### [EXERCISE REQUIREMENTS]
In the entries that follow, find each line with the word "Image" and copy it.

(Records from a data source)
┌──

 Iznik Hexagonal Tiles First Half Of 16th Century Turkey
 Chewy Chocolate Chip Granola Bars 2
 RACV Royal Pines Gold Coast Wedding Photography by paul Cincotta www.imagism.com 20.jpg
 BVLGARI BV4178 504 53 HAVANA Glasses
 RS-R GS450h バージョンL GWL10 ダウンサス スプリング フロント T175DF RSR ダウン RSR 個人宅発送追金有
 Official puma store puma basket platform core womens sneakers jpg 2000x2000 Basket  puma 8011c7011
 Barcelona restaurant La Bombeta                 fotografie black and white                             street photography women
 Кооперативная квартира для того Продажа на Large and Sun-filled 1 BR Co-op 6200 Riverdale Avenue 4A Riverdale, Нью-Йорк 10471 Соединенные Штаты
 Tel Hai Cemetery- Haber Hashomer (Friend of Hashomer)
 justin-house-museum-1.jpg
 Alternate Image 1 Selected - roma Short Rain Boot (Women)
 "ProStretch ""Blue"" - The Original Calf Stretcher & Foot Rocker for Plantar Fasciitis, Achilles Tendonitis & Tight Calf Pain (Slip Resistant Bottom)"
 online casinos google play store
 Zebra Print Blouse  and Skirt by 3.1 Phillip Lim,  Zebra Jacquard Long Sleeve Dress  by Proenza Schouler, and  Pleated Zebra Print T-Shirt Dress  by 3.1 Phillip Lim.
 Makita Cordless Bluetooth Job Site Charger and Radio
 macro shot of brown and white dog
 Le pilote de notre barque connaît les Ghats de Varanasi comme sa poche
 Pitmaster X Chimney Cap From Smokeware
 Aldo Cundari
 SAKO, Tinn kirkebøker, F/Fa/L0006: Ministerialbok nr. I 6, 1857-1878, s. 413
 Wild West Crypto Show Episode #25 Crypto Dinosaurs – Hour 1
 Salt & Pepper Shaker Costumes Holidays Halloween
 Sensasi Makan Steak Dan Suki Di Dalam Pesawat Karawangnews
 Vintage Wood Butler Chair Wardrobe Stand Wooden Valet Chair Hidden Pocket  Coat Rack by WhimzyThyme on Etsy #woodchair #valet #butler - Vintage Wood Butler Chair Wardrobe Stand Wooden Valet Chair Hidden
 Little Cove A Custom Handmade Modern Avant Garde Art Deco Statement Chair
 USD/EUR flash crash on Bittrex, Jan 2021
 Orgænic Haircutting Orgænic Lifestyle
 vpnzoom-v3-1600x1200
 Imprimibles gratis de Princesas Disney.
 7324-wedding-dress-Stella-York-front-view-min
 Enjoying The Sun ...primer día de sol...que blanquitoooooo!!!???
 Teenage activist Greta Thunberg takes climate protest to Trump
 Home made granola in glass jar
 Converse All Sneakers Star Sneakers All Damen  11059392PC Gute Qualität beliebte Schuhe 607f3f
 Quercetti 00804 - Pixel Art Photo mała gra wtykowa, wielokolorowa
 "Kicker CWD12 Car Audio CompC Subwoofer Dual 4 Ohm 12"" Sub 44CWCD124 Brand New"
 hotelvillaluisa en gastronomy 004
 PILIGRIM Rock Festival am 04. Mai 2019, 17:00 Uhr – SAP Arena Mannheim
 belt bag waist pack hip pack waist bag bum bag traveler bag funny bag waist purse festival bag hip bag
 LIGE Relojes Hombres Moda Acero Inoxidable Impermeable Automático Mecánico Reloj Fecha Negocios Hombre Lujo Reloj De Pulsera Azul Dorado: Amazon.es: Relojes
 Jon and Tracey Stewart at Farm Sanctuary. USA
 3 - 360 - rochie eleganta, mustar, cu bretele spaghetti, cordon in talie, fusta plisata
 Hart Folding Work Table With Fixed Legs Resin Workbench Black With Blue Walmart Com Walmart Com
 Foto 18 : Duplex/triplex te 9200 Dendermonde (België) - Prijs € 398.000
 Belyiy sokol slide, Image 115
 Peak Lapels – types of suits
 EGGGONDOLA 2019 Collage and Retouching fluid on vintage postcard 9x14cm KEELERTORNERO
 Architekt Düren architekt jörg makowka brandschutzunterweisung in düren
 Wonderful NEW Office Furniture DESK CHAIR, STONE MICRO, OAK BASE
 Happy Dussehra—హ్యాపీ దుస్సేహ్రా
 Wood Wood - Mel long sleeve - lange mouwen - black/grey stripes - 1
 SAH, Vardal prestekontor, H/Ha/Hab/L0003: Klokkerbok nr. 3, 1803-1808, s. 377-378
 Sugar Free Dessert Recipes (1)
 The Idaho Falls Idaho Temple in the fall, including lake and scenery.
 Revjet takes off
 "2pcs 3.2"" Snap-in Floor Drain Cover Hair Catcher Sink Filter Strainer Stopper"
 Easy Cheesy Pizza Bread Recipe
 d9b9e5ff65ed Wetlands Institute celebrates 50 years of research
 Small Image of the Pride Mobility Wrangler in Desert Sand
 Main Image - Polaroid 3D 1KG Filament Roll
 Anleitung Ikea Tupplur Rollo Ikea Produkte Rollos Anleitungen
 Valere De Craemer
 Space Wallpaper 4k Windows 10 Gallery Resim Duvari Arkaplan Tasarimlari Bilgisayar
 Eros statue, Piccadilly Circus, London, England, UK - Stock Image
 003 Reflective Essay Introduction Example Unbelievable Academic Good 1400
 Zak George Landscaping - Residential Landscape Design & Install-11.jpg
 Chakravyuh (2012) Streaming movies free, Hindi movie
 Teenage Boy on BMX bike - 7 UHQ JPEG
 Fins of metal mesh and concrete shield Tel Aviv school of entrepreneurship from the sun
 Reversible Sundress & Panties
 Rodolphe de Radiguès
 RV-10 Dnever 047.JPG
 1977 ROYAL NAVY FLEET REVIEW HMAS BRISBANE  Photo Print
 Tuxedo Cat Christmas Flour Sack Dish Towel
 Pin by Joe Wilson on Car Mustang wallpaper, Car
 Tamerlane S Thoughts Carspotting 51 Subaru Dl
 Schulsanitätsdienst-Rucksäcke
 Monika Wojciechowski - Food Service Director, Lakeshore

└──

### [REPLY TO THE TASK]
 Alternate Image 1 Selected - roma Short Rain Boot (Women)
 Belyiy sokol slide, Image 115
 Small Image of the Pride Mobility Wrangler in Desert Sand
 Main Image - Polaroid 3D 1KG Filament Roll
 Eros statue, Piccadilly Circus, London, England, UK - Stock Image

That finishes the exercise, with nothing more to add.